Efforts to restore speech to people silenced by brain injuries and diseases have taken a significant step forward with the publication of two new papers in the journal Nature.

In the work, two multidisciplinary teams demonstrated new records of speed and accuracy for state-of-the-art, AI-assisted brain-computer interface (BCI) systems. The advances point the way to granting people who can no longer speak the ability to communicate at near conversation-level pace and even show how that text can be retranslated into speech using computer programs that mimic the patient’s voice. One group developed a digital avatar that a paralyzed patient used to communicate with accurate facial gestures.

Paper

A high-performance speech neuroprosthesis

Abstract

Speech brain–computer interfaces (BCIs) have the potential to restore rapid communication to people with paralysis by decoding neural activity evoked by attempted speech into text1,2 or sound3,4. Early demonstrations, although promising, have not yet achieved accuracies sufficiently high for communication of unconstrained sentences from a large vocabulary1,2,3,4,5,6,7. Here we demonstrate a speech-to-text BCI that records spiking activity from intracortical microelectrode arrays. Enabled by these high-resolution recordings, our study participant—who can no longer speak intelligibly owing to amyotrophic lateral sclerosis—achieved a 9.1% word error rate on a 50-word vocabulary (2.7 times fewer errors than the previous state-of-the-art speech BCI2) and a 23.8% word error rate on a 125,000-word vocabulary (the first successful demonstration, to our knowledge, of large-vocabulary decoding).

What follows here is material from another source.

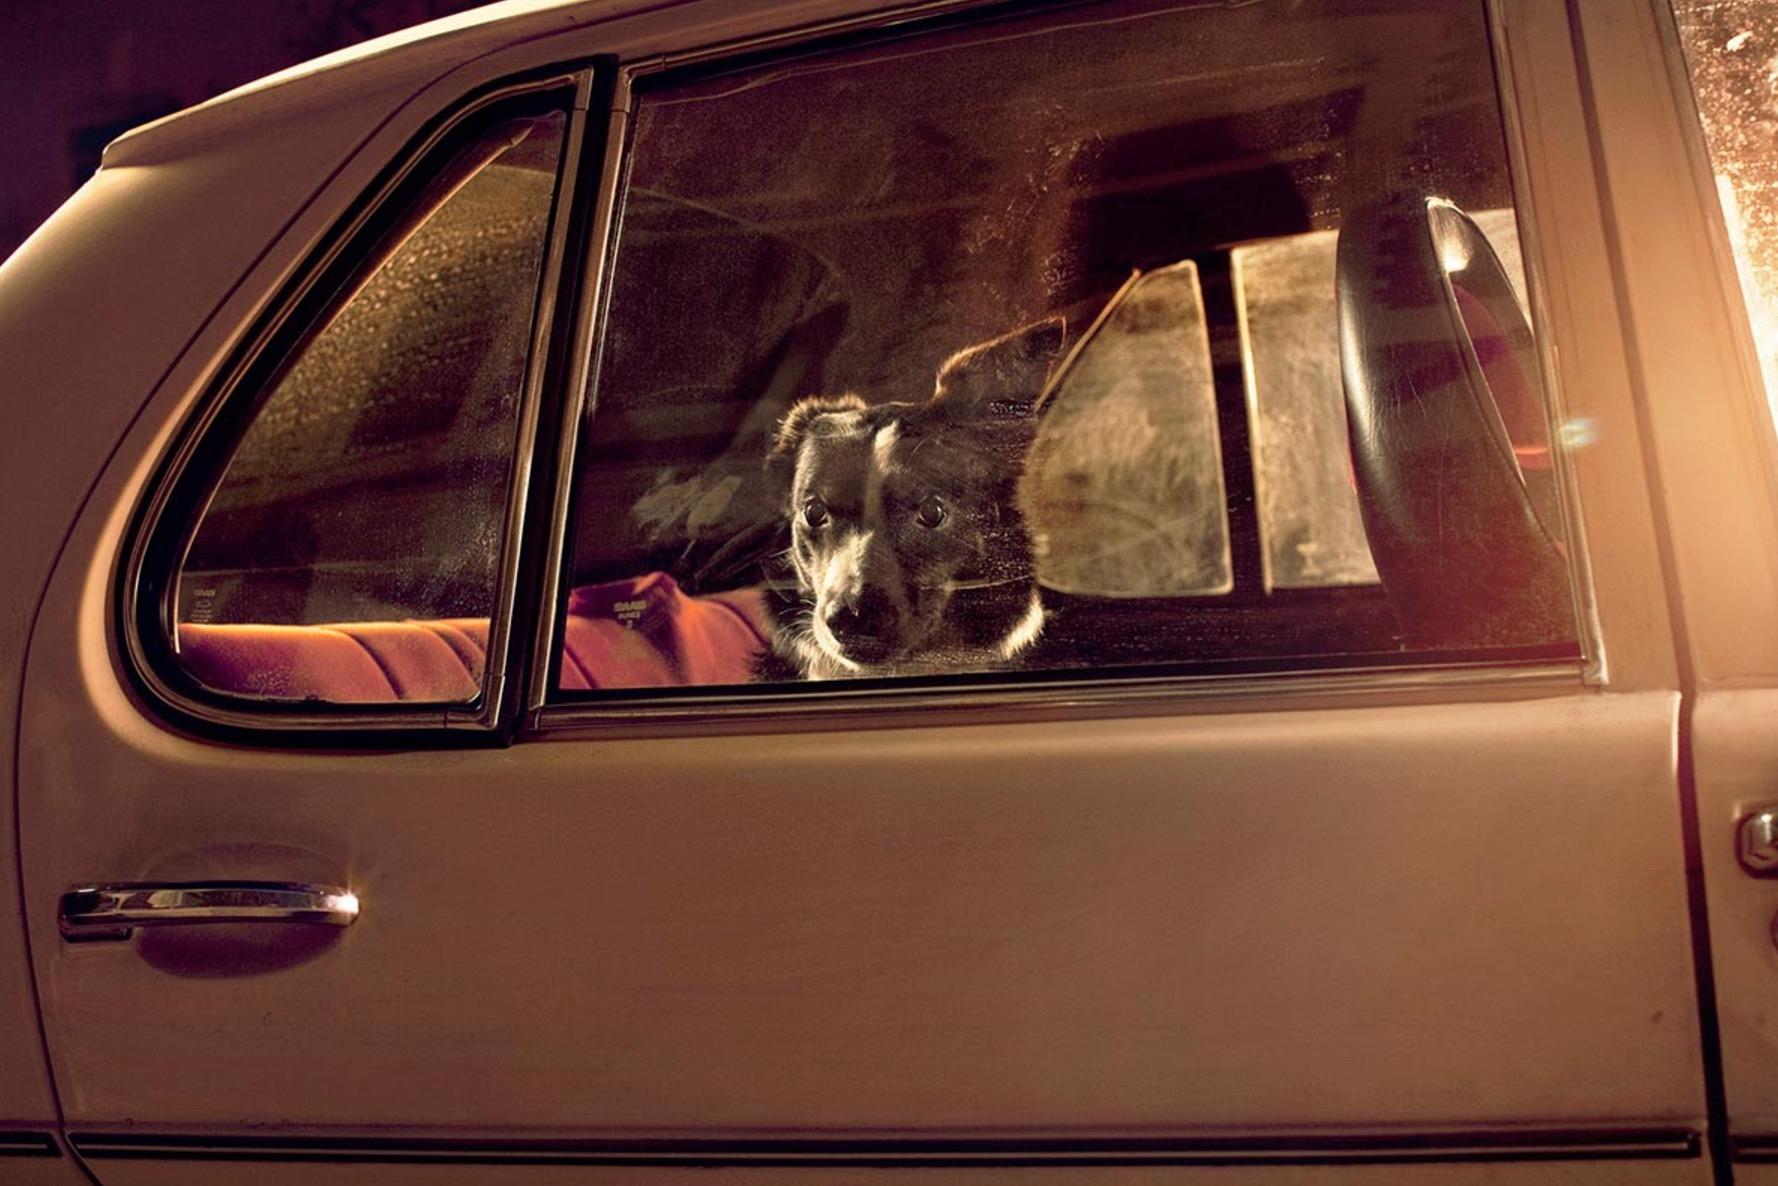 Martin-Usborne-photographe-chiens-voitures-5

Our participant’s attempted speech was decoded at 62 words per minute, which is 3.4 times as fast as the previous record8 and begins to approach the speed of natural conversation (160 words per minute9). Finally, we highlight two aspects of the neural code for speech that are encouraging for speech BCIs: spatially intermixed tuning to speech articulators that makes accurate decoding possible from only a small region of cortex, and a detailed articulatory representation of phonemes that persists years after paralysis. These results show a feasible path forward for restoring rapid communication to people with paralysis who can no longer speak.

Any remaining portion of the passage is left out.